WHAT TO WORK ON | Send back the line that contains "2D Ornamental Pot Plant 13 - Agave Tequilana" and all lines following it through the end of the data below, exactly, omitting pictures.

DATASET SECTION |
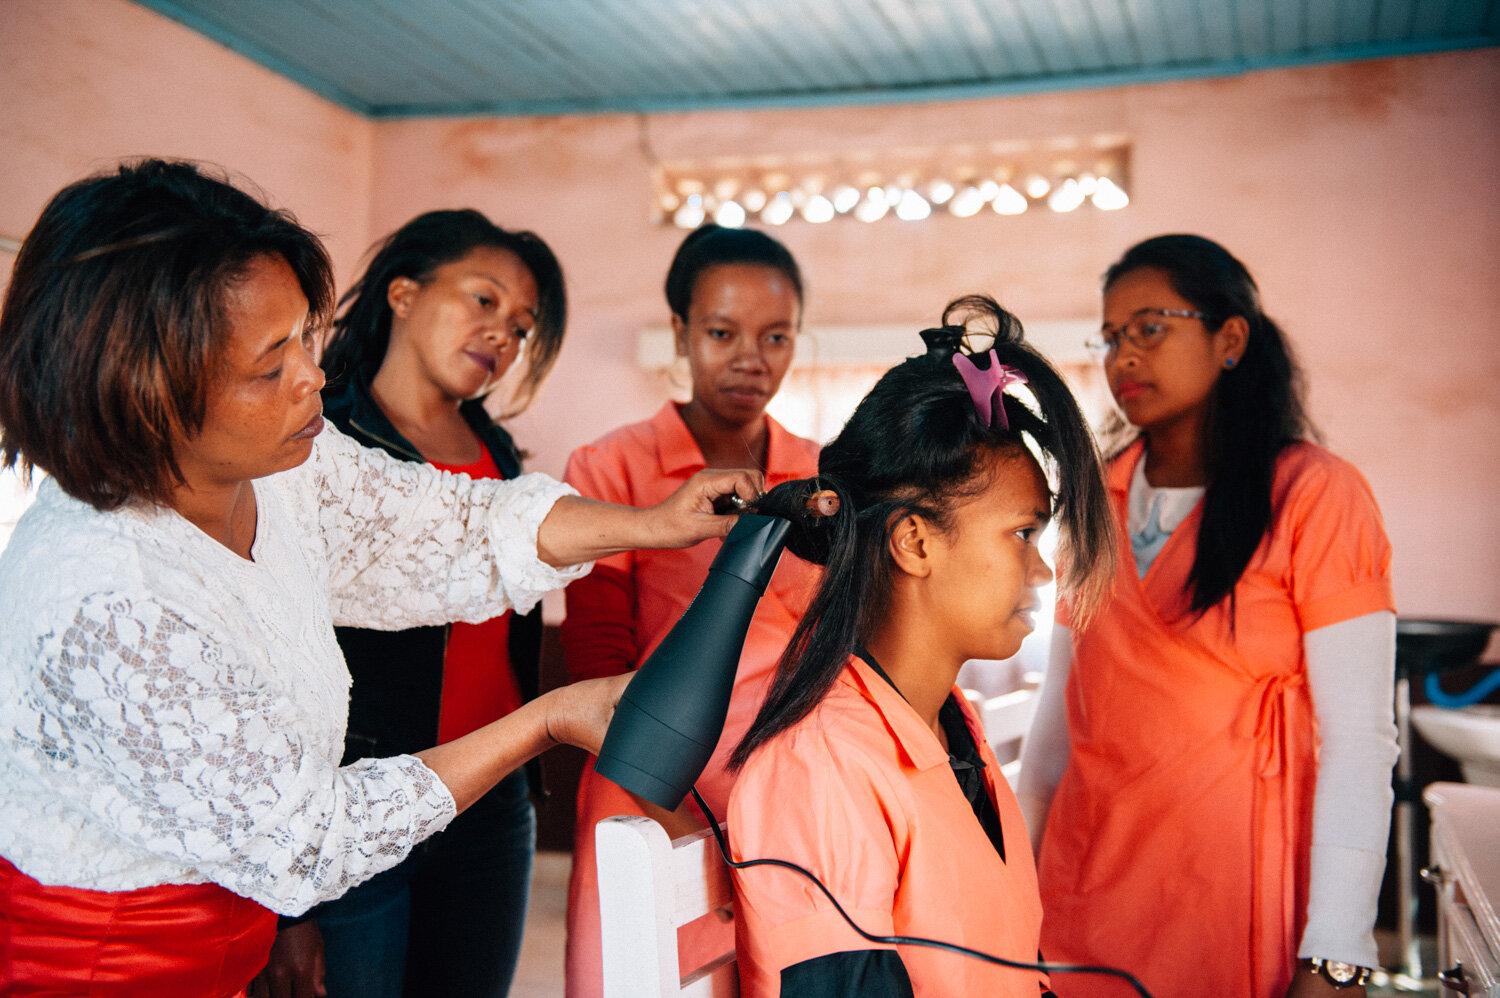  Enfants des rues. Formation professionnelle coiffure. Tananarive. Avril 2018 // Street children. Professional hairdressing training. Antananarivo. April 2018. 
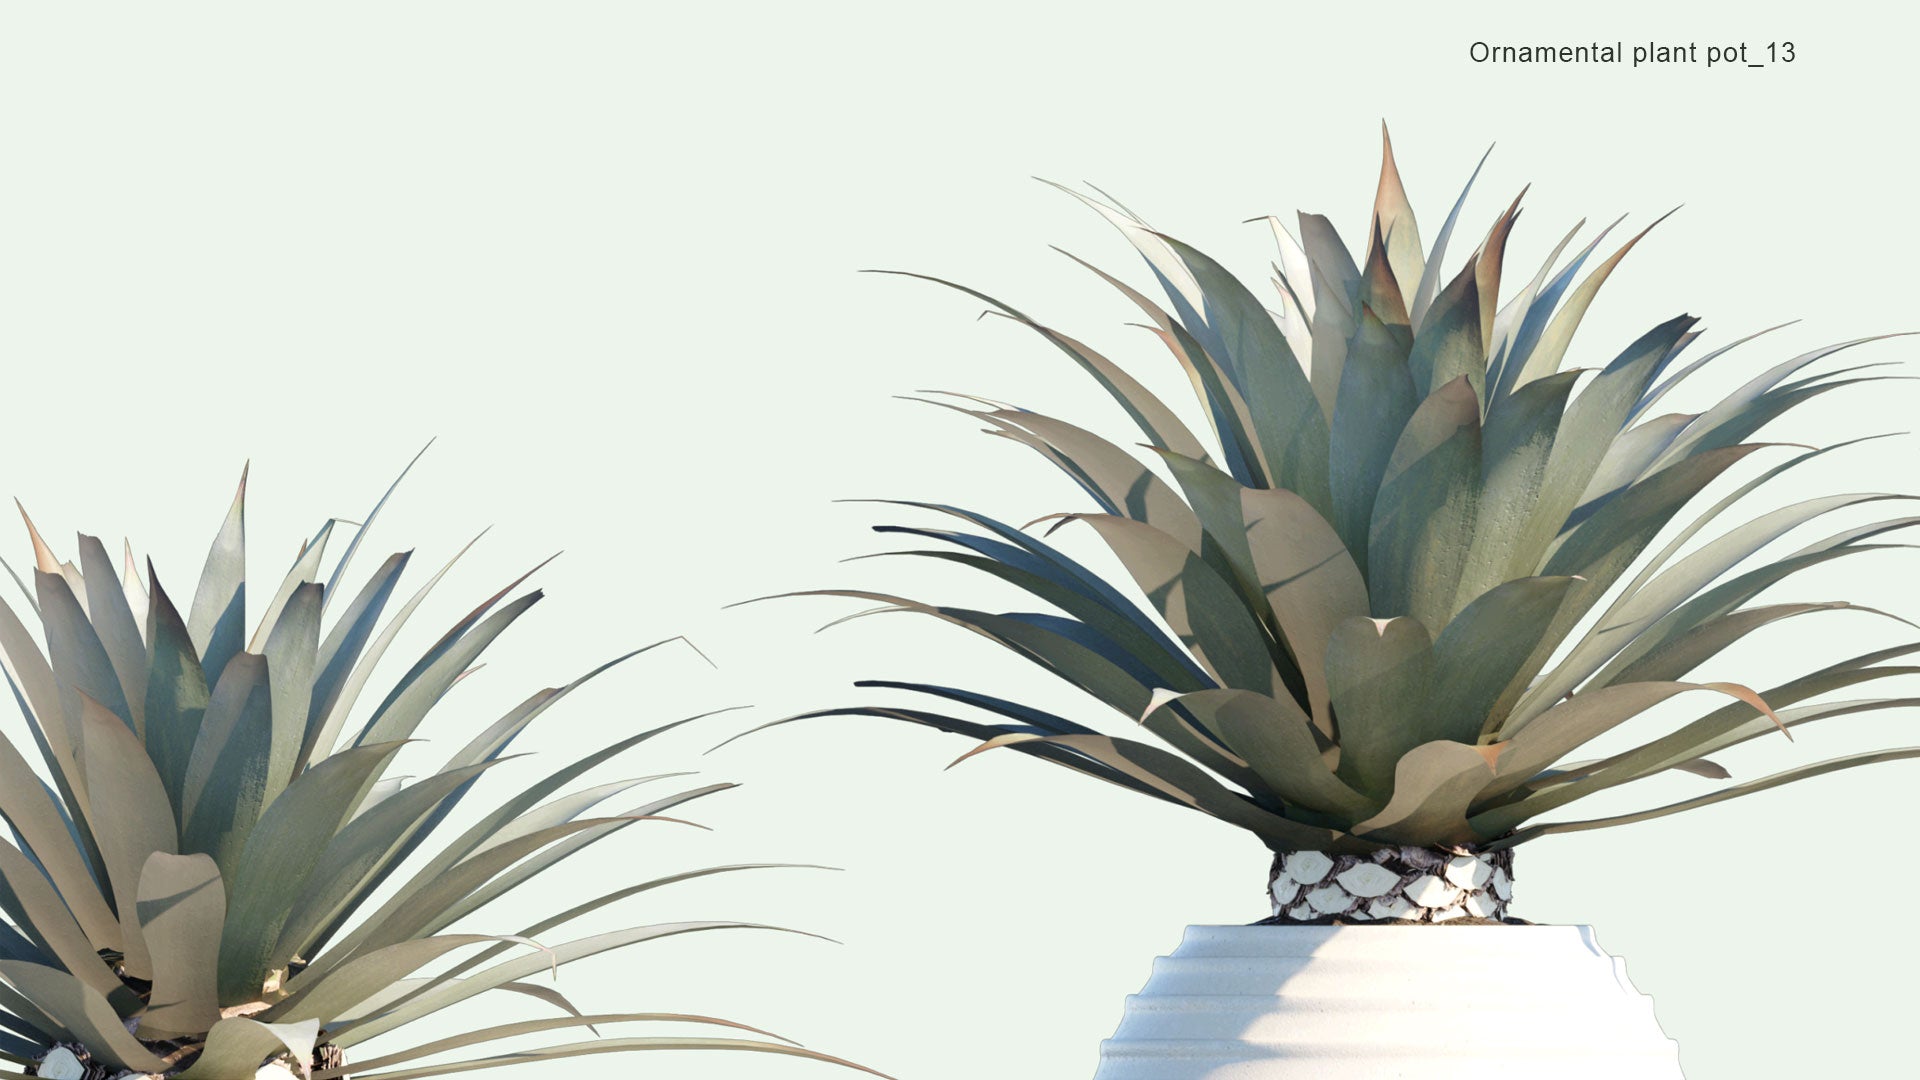 2D Ornamental Pot Plant 13 - Agave Tequilana
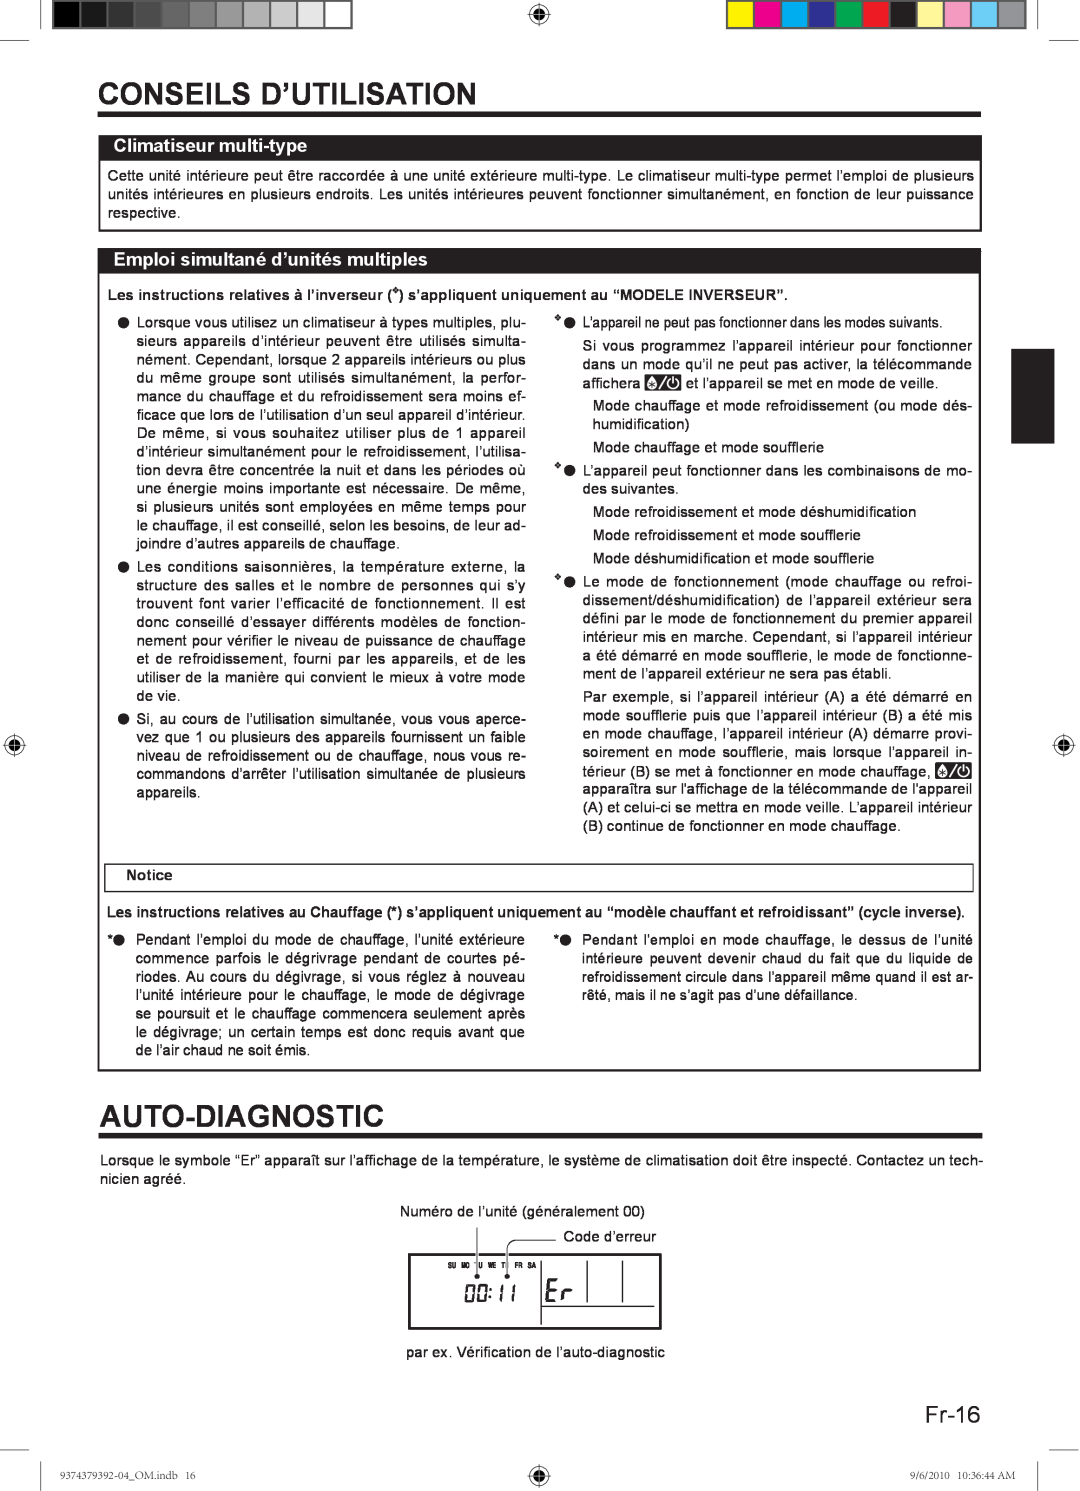 Fujitsu 9374379392-04, Halcyon Air Conditioner manual Auto-Diagnostic, Fr-16, Conseils D’Utilisation, Climatiseur multi-type 
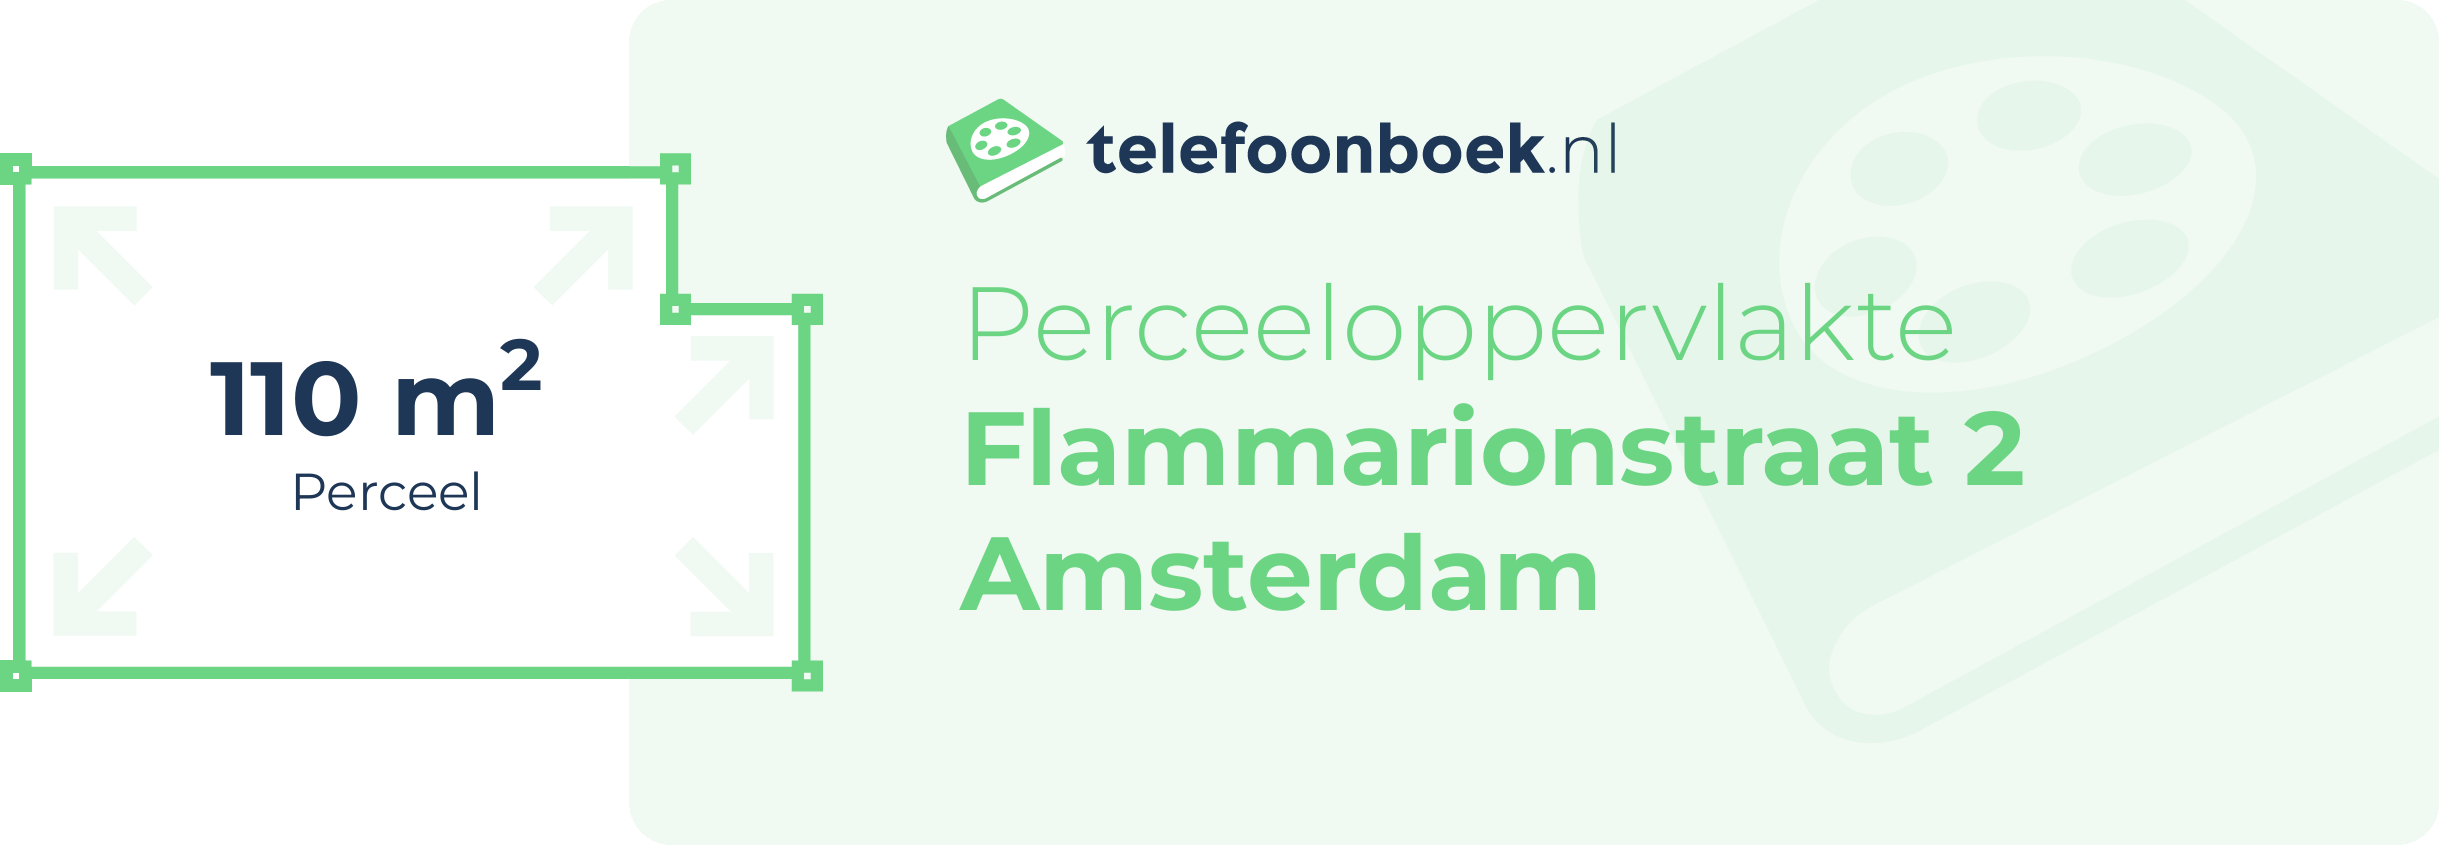 Perceeloppervlakte Flammarionstraat 2 Amsterdam

OUTPUT FOR THIS TASK |
 2D Ornamental Pot Plant 13 - Agave Tequilana
 Fujitsu 9374379392-04, Halcyon Air Conditioner manual Auto-Diagnostic, Fr-16, Conseils D’Utilisation, Climatiseur multi-type 
 Perceeloppervlakte Flammarionstraat 2 Amsterdam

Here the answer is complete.